/Adahessian

TensorFlow implementation for "ADAHESSIAN: An Adaptive Second Order Optimizer for Machine Learning"

Primary LanguagePythonApache License 2.0Apache-2.0

Adahessian

Overview:

The Adahessian Optimizer is an advanced second-order optimization algorithm that leverages the Hessian trace (approximated using Hutchinson's method) to adaptively scale learning rates for each parameter.

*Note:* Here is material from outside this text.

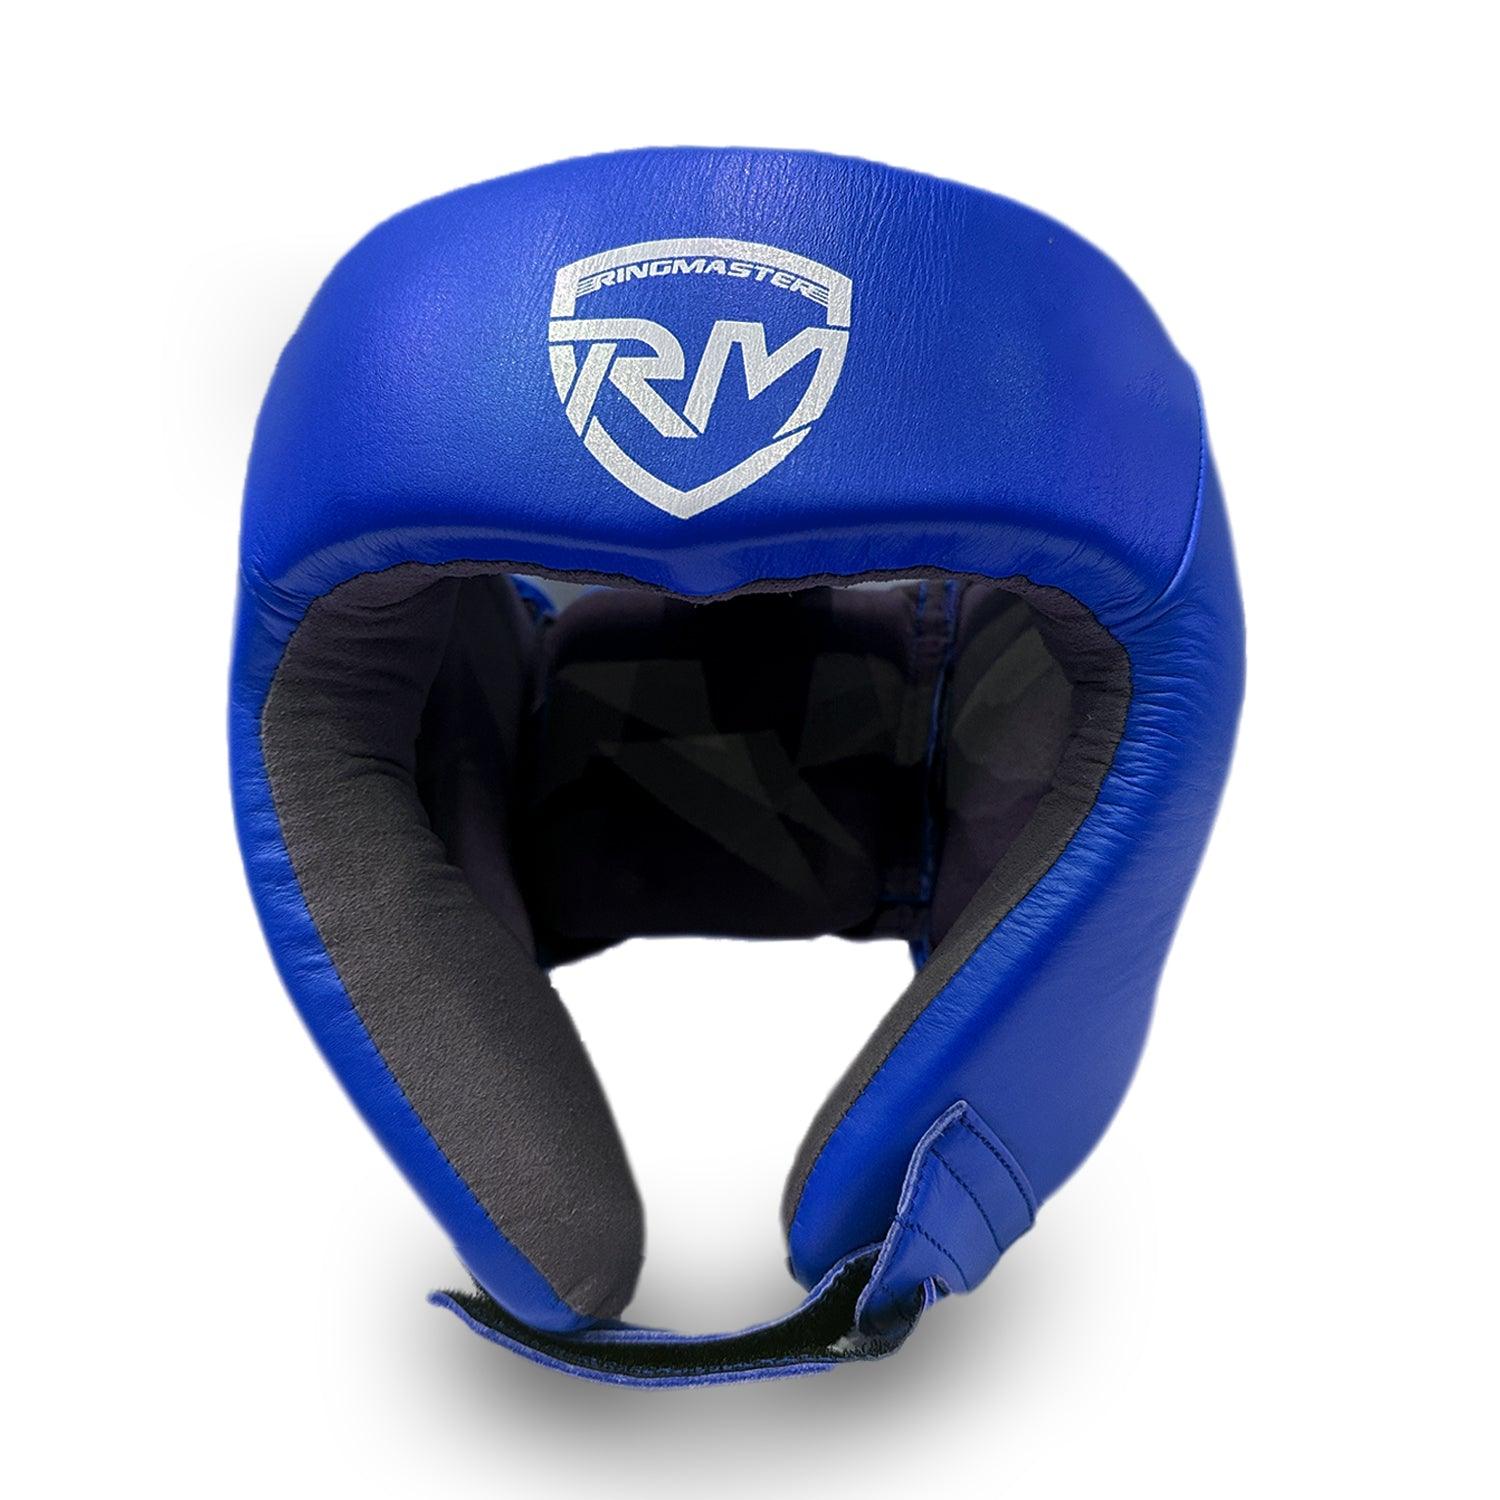 Ringmaster Head guard Boxing, Best boxing head guard, boxing head guard uk, MMA head guard, boxing headgear, Martial Arts head guard, boxing head guard open face, Boxing head guard for sale, face guard boxing, Blue Head guard Boxing, RingMaster Sports Open Face Boxing HeadGuard Synthetic Leather Blue Image 1

Adahessian extends first-order optimization techniques like Adam by incorporating curvature information from the loss surface, which enables better adaptation to the optimization landscape, especially for highly non-convex problems.

Parameters:

  • learning_rate (float): Initial learning rate (default: 0.1).
  • beta1 (float): Exponential decay rate for the first moment estimates (default: 0.9).
  • beta2 (float): Exponential decay rate for the Hessian diagonal squared estimates (default: 0.999).
  • epsilon (float): Small value to prevent division by zero (default: 1e-8).
  • weight_decay (float): L2 regularization factor for weights (default: 0.0).
  • hessian_power (float): Scaling factor for the Hessian diagonal (default: 1.0).
  • update_each (int): Frequency (in steps) for Hessian trace updates (default: 1).
  • n_samples (int): Number of samples for Hutchinson’s approximation (default: 1).
  • avg_conv_kernel (bool): Whether to average Hessian diagonals over convolutional kernel dimensions (default: False).
  • clipnorm (float, optional): Clips gradients by their norm.
  • clipvalue (float, optional): Clips gradients by their value.
  • global_clipnorm (float, optional): Clips gradients by their global norm.
  • use_ema (bool, default=False): Enables Exponential Moving Average (EMA) for model weights.
  • ema_momentum (float, default=0.99): Momentum for EMA updates.
  • ema_overwrite_frequency (int, optional): Frequency for overwriting weights with EMA values.
  • loss_scale_factor (float, optional): Scaling factor for loss values.
  • gradient_accumulation_steps (int, optional): Number of steps for gradient accumulation.
  • name (str, default="adahessian"): Name of the optimizer.

Example Usage:

import tensorflow as tf
from adahessian import Adahessian

# Define model and loss
model = tf.keras.Sequential([...])
loss_fn = tf.keras.losses.MeanSquaredError()

# Initialize optimizer
optimizer = Adahessian(
    learning_rate=0.01, 
    beta1=0.9, 
    beta2=0.999, 
    weight_decay=0.01
)

# Training step
@tf.function
def train_step(x, y, model, optimizer):
    with tf.GradientTape(persistent=True) as tape:
        predictions = model(x, training=True)
        loss = loss_fn(y, predictions)
        gradients = tape.gradient(loss, model.trainable_variables)
    optimizer.apply_gradients(zip(gradients, model.trainable_variables), tape)

# Training loop
for epoch in range(epochs):
    for x_batch, y_batch in dataset:
        train_step(x_batch, y_batch, model, optimizer)